#!/usr/bin/env python
# coding: utf-8

# ![MOSEK ApS](https://www.mosek.com/static/images/branding/webgraphmoseklogocolor.png )
# 
# # Linear Regression techniques using MOSEK Fusion API
# 
# 
# Regression is one of the most used techniques in finance, statistic, biology and in general any application where it is necessary to construct models that approximate input data.
# 
# The aim of this tutorial is two-fold:
# 
# 1. to show some modeling techniques to define regression problems;
# 2. to show how to efficiently implement those problems using MOSEK Fusion API.
# 
# 
# This tutorial is largerly based on:
# 
#     [1] Schmelzer, T., Hauser, R., Andersen, E., & Dahl, J. (2013).
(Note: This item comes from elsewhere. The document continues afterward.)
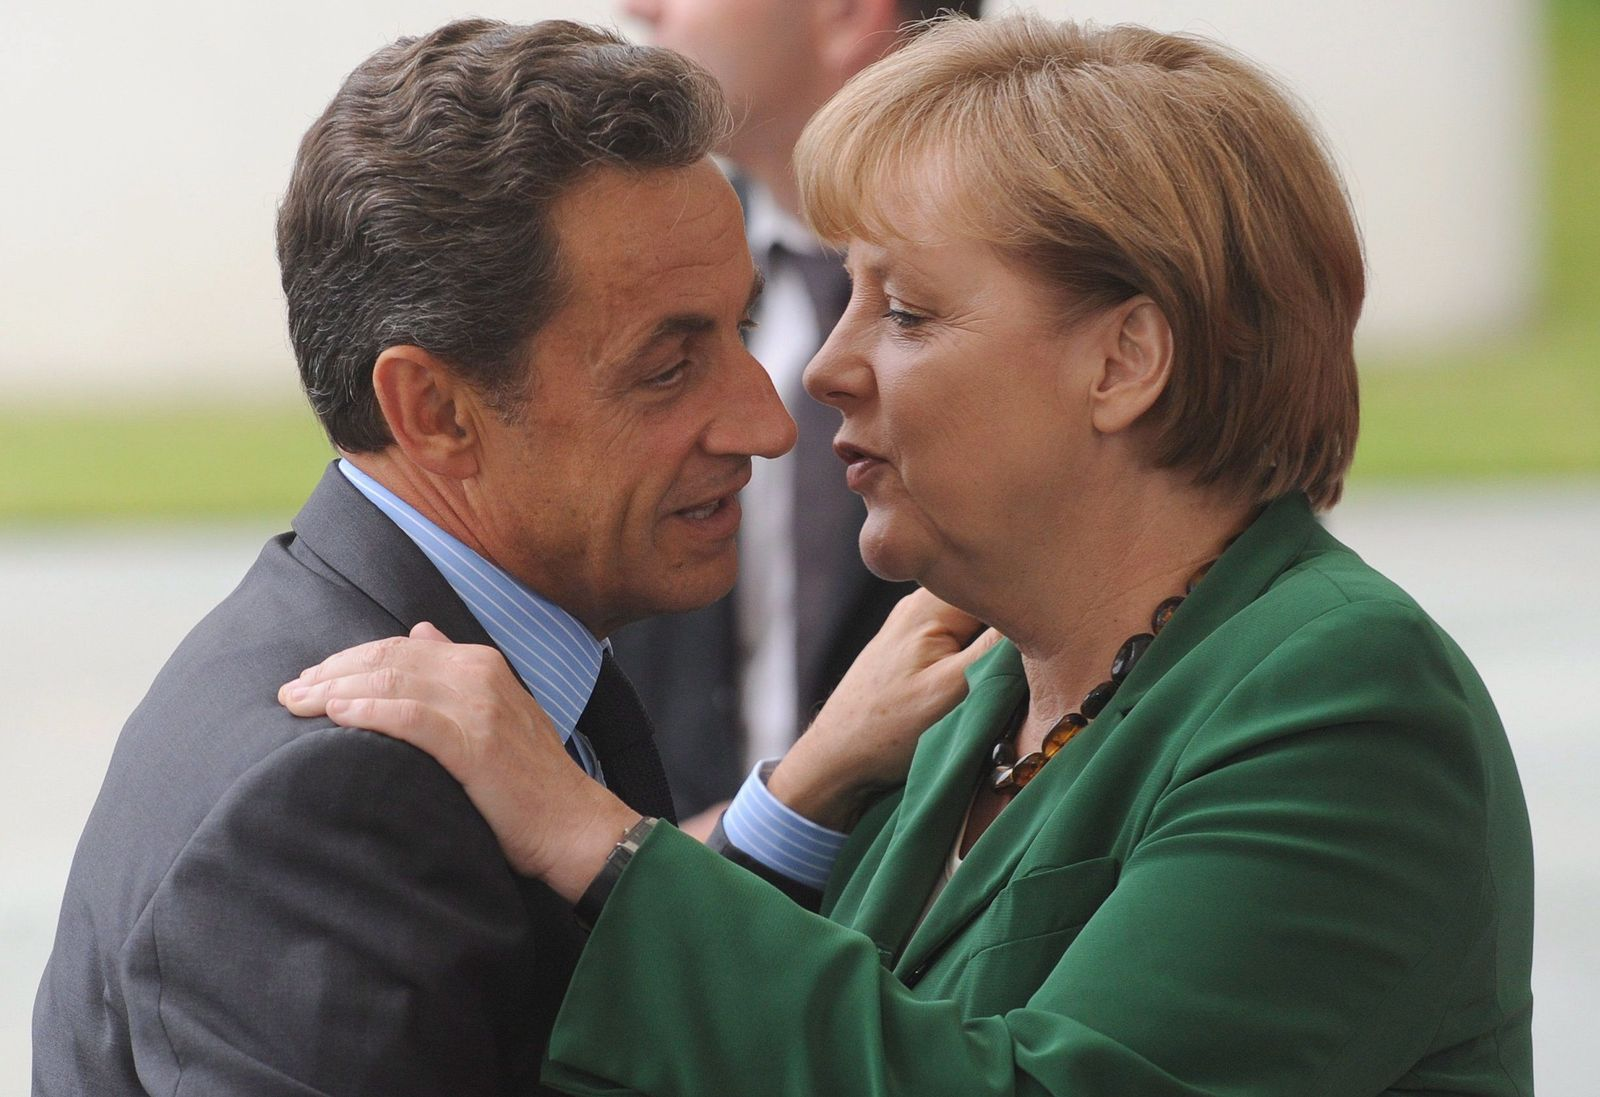 Angela Merkel/ Nicolas Sarkozy XXL

Regression techniques for Portfolio Optimisation using MOSEK. arXiv preprint arXiv:1310.3397.
#     [2] Boyd, S., & Vandenberghe, L. (2004). Convex optimization. Cambridge university press.
# 
# 
# The code is written in Python3 and uses the [MOSEK Fusion API](https://mosek.com/documentation).

# In[1]:


import mosek
from mosek.fusion import *
print("MOSEK version", mosek.Env.getversion())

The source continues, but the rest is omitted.